Dispatch

Why are Canadian ICUs filling up faster than other countries?

An ambulance is shown outside a hospital in Montreal, Saturday, January 15, 2022. Graham Hughes/The Canadian Press.

The rapid spread of the Omicron variant and early research showing it is much less likely to cause severe outcomes than previous incarnations of the COVID-19 virus has left people around the world nervously eyeing the situation in nearby intensive care units, hoping for the best and fearing the worst.

Although Omicron may be less likely to send people to the ICU, some experts have warned that the highly transmissible virus could infect so many people that hospitals struggle to cope with the deluge of patients.

So far, the most sinister projections haven’t come to pass. In mid-December the Ontario COVID-19 Science Advisory Table predicted the province’s ICUs would see more than 600 occupants by the end of the year and, by mid-January, the hospitals still haven’t reported that many occupants.

In the United Kingdom, the ICU numbers have barely budged, with 11.4 people in ICU per million residents, even as Omicron cases reach dizzying heights. In Australia, they are at 15.2 per million people. In Canada? A spike starting in early January left the ICU occupancy rate at 27 occupants per million people on Jan. 13, the last day that all three countries reported reliable data.

The United States, which has always been in a league of its own on ICU occupancies, is at 76.7 per million.
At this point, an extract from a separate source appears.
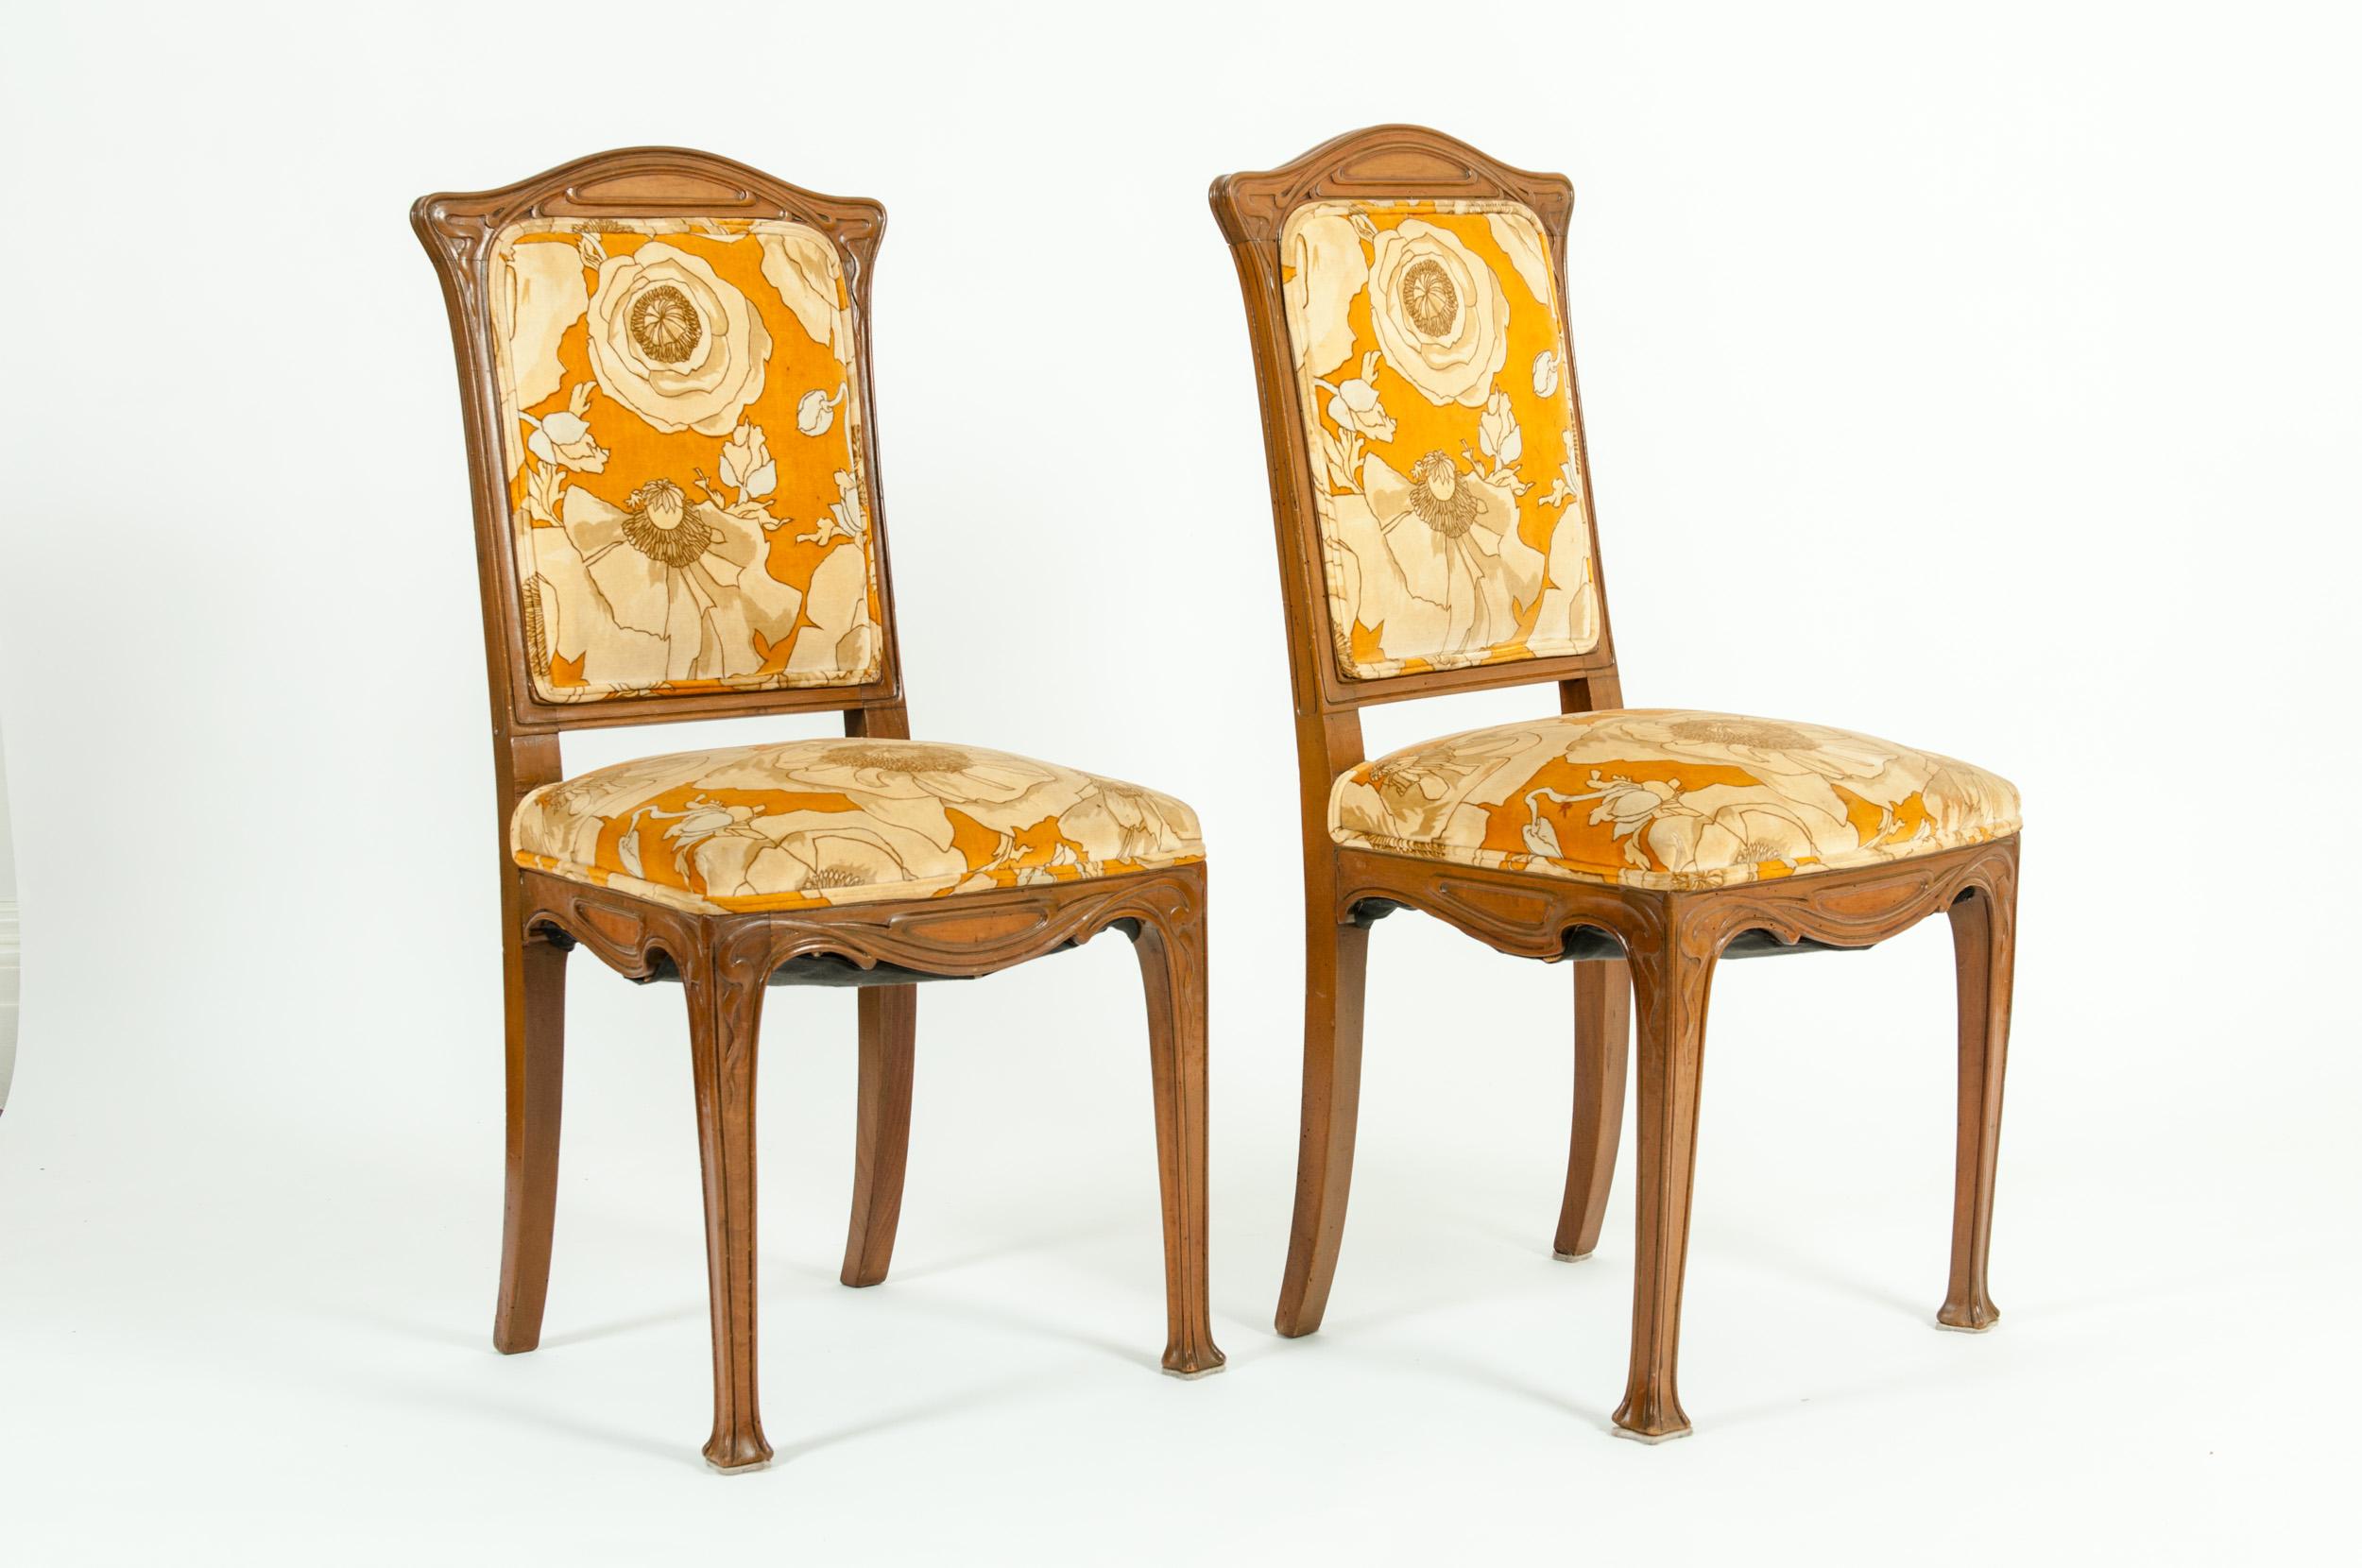 Early 20th century Louis Majorelle pair side chair . Each piece is in great vintage condition with appropriate wear consistent with age / use . Each is about 37 inches high x 15.5 inches deep x seat high 17 inches.

The disparity between the United Kingdom and Canada stands out because until late December, the two countries were following an identical trendline. Australia has always been low and continues to be low, while the United States is high and continues to be high. The worst projections may not have panned out in Canada, but we are still seeing an ICU occupancy rate higher than countries with vaccination rates lower than us.
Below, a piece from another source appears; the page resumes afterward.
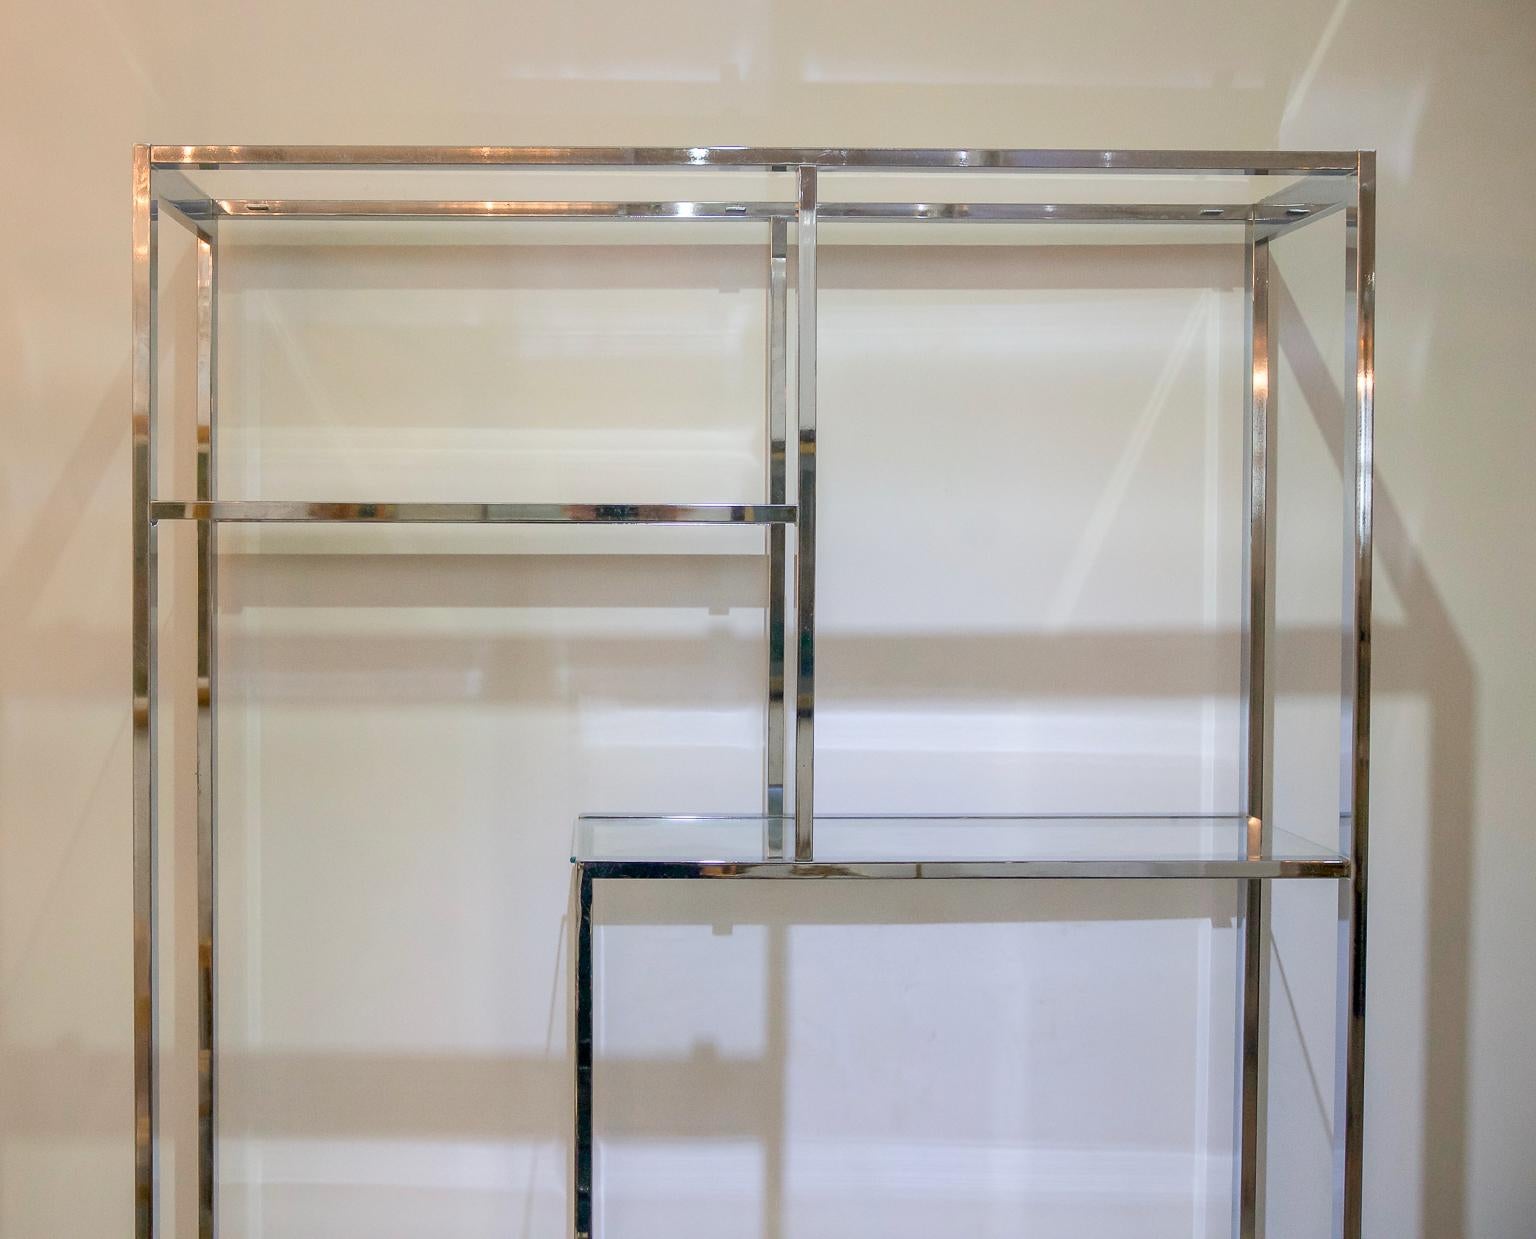 American Chrome and Glass Etagere, attributed to the Design Institute America

What’s causing the divergence? It’s almost impossible to say for sure, but there are a few theories that have been proposed.

Natural immunity levels

One stark difference between the U.K. and Canada over the two-year pandemic is the rate of infection.
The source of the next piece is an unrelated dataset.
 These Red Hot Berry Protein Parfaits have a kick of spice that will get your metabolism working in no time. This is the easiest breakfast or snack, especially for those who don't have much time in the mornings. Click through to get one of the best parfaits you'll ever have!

Although officially reported case rates are likely massively underestimated due to the rapid speed of Omicron transmission, with at least nine in 10 cases going uncounted, the data from previous waves shows that about three times as many Britons endured a previous case of COVID-19 compared to Canadians.

That means the U.K. population is benefitting from a much higher level of natural immunity than Canada while the two countries face the Omicron wave. Because natural immunity offers longer lasting and stronger protection against symptomatic disease and hospitalization, it could make the difference in the ICUs.

“I strongly suspect the amount of post-infectious immunity in the unvaccinated cohort, and possibly levels of hybrid immunity is what makes the difference,” said Dr. Sumon Chakrabarti, an infectious diseases physician at Trillium Health Partners.

The Delta variant was still spreading

Another reason for Canada’s higher ICU occupancy rate could be the remnants of the more virulent Delta variant still circulating in late December. Although Omicron is now dominant, hospitalizations and deaths tend to lag infections by several weeks.

Rupa Subramanya, a columnist at the National Post, wrote that between Nov. 22 and Dec. 25, those with the Delta variant accounted for 190 ICU admissions or deaths in Ontario, while only eight were Omicron patients.

In British Columbia last week, many of the people in hospital were suffering from disease caused by the Delta variant, according to Dr. Bonnie Henry, the provincial health officer. Lingering Delta cases have also caused hospitalizations in New Brunswick.

Booster shots

When Omicron descended on the United Kingdom, Prime Minister Boris Johnson immediately called for an all-out blitz on booster shots. In terms of raw numbers, the plan worked: The U.K. has given more than 50 booster shots for every 100 residents.

Canada lags behind the U.K., with about 31 boosters given for every 100 residents and one-third of those shots coming in the last two weeks.

It’s possible that the booster gap made a small difference in the ICU occupancy rate of the two countries. Although Johnson’s booster campaign likely came too late to make much difference, since the shots take about a week or two to take effect, the U.K. had many more residents boosted on Dec. 1 than Canada did. A third shot has been shown to be very effective against symptomatic illness and severe effects from Omicron.

Omicron is not milder

Although there was a litany of evidence coming from South Africa, and other countries, that Omicron was less deadly than Delta it took some time for the world to be sure.

As late as Dec. 12, the director-general of the World Health Organization Tedros Adhanom said that it was “wrong for people to consider Omicron as mild.”

More recent research has definitively found that Omicron causes less severe disease and death than previous variants. A recent study out of California found that Omicron was half as likely to send people to hospital as Delta and that, out of 52,000 Omicron patients studied, not a single one needed a ventilator. This agrees with a handful of other studies from countries battling an Omicron wave.

Although federal modelling released on Friday still included a hypothetical scenario where Omicron turns out to be as severe as Delta — and some news organizations ran with that as the lead story — few believe that scenario is possible.